On the 11th of December, they landed in Plymouth after their long journey (six weeks). It was
a long and cold winter, the Pilgrims has a hard time. The Native Americans helped them with
seeds, food, houses, surviving etc. The first year, lots of Pilgrims died. The Pilgrims planted
crops (with the seeds and plants they got). To celebrate their good fortune, they had a feast
of thanksgiving (three days). The Pilgrims cooked for the Native Americans, as thank for their
help. Everyone had a good day on Thanksgiving.

In 1621 this feast is often called ‘first thanksgiving’. The day we now celebrate as
Thanksgiving became a tradition in the US. In 1941 President Franklin Roosevelt made
Thanksgiving a national holiday and it is celebrated on the fourth Thursday in November.

How did I celebrate it


This year was the first year I heard about Thanksgiving, so also the first time I celebrated it.
With the Thanksgiving of this year, I had breakfast with all the tto classes of year 2. Per class
every person took two things for breakfast, so you finally have a nice breakfast with all kinds
of different foods and drinks.

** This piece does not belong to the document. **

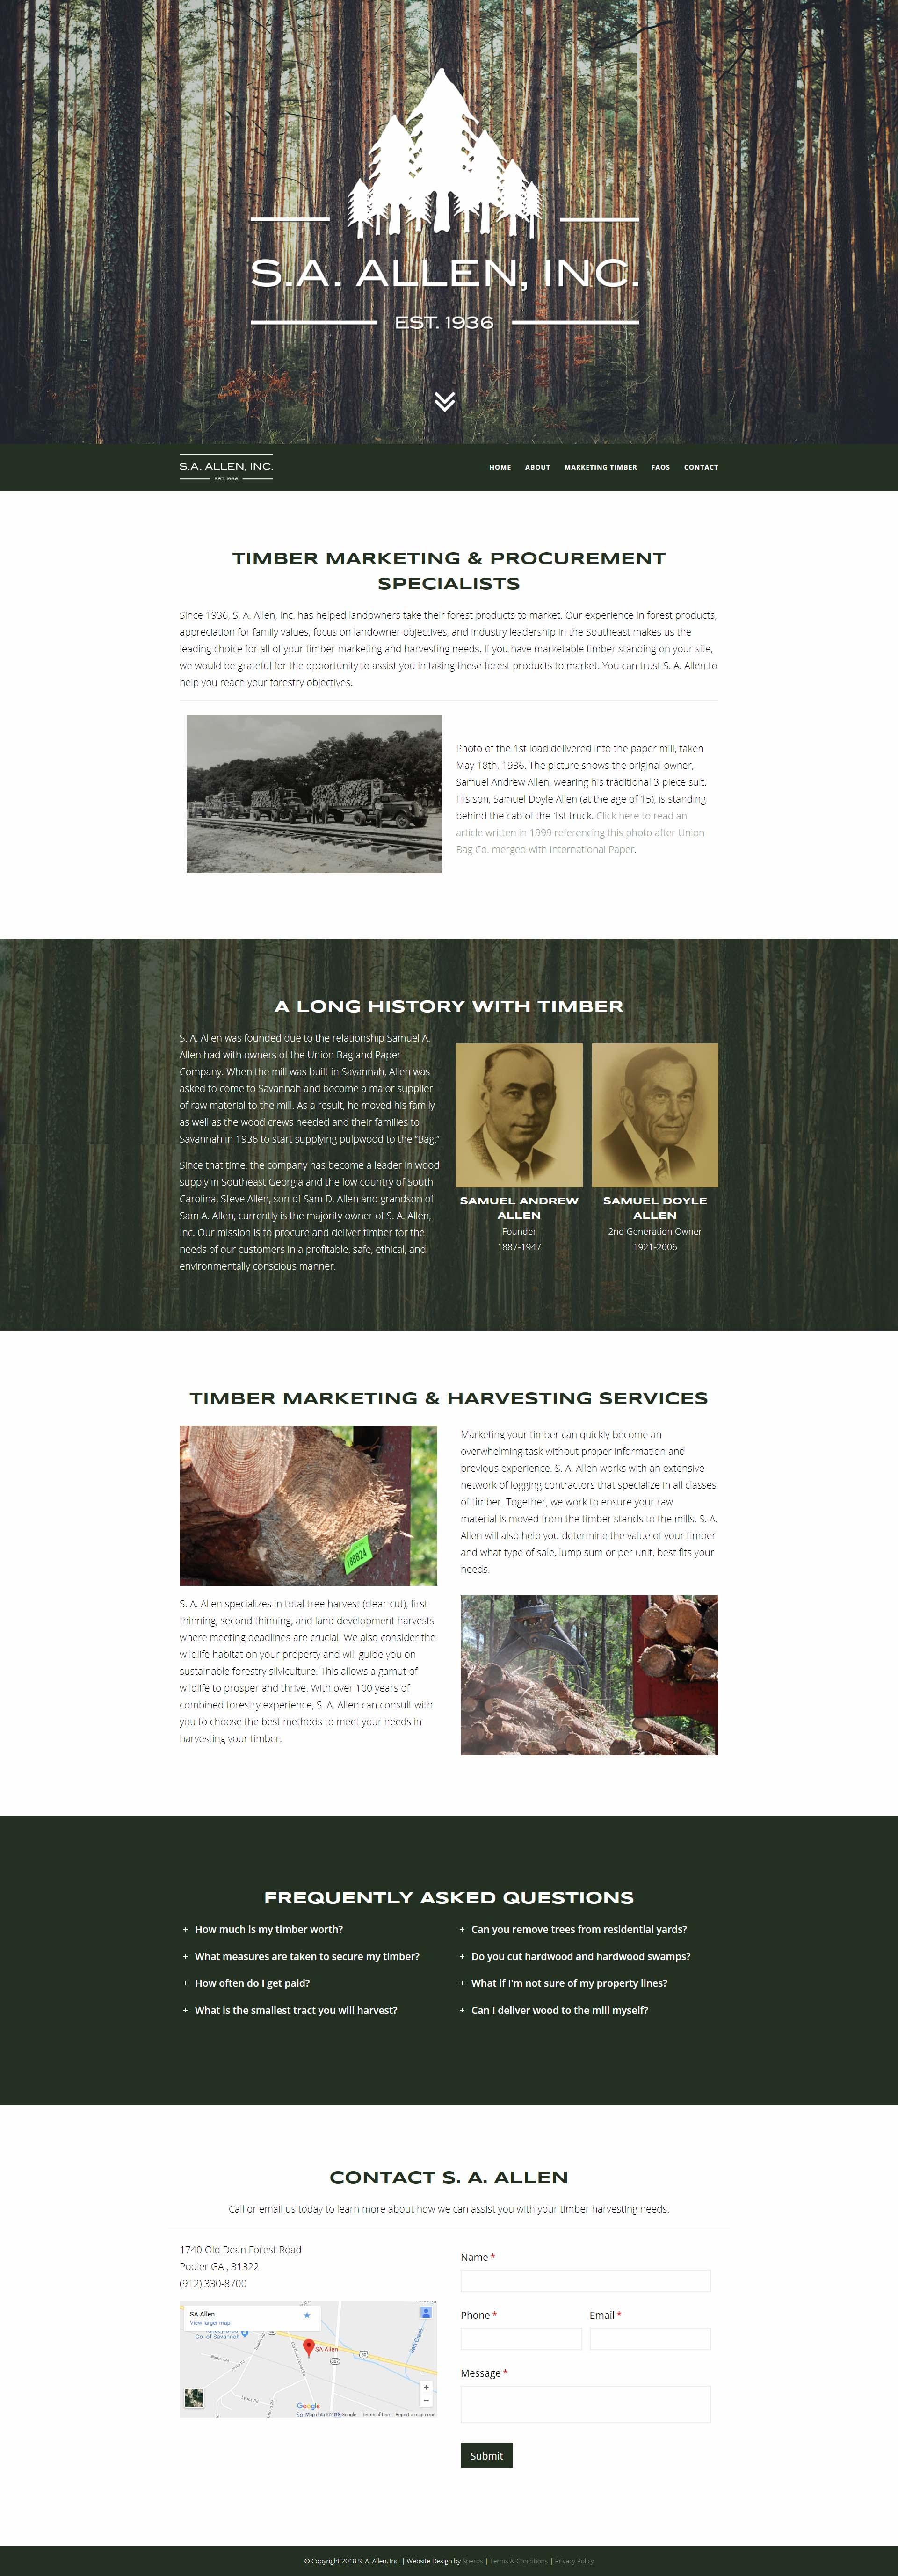 S. A. Allen, Inc. Website Homepage - Speros Web Design - Savannah, GA

On the day of Thanksgiving, everyone was sitting together, we
ate and at the same time, we could talk and have some fun. Except for breakfast we also
wrote odes to someone in our class. An ode is a kind of poetry you write to a thing or person
to say how much you love the thing or person. So everyone wrote an ode to someone else,
later (while we had breakfast on the day of thanksgiving) you got the ode that someone
wrote to you. I really liked this way of celebrating Thanksgiving, we all had a lot of fun. I
would definitely like it to do this again next year.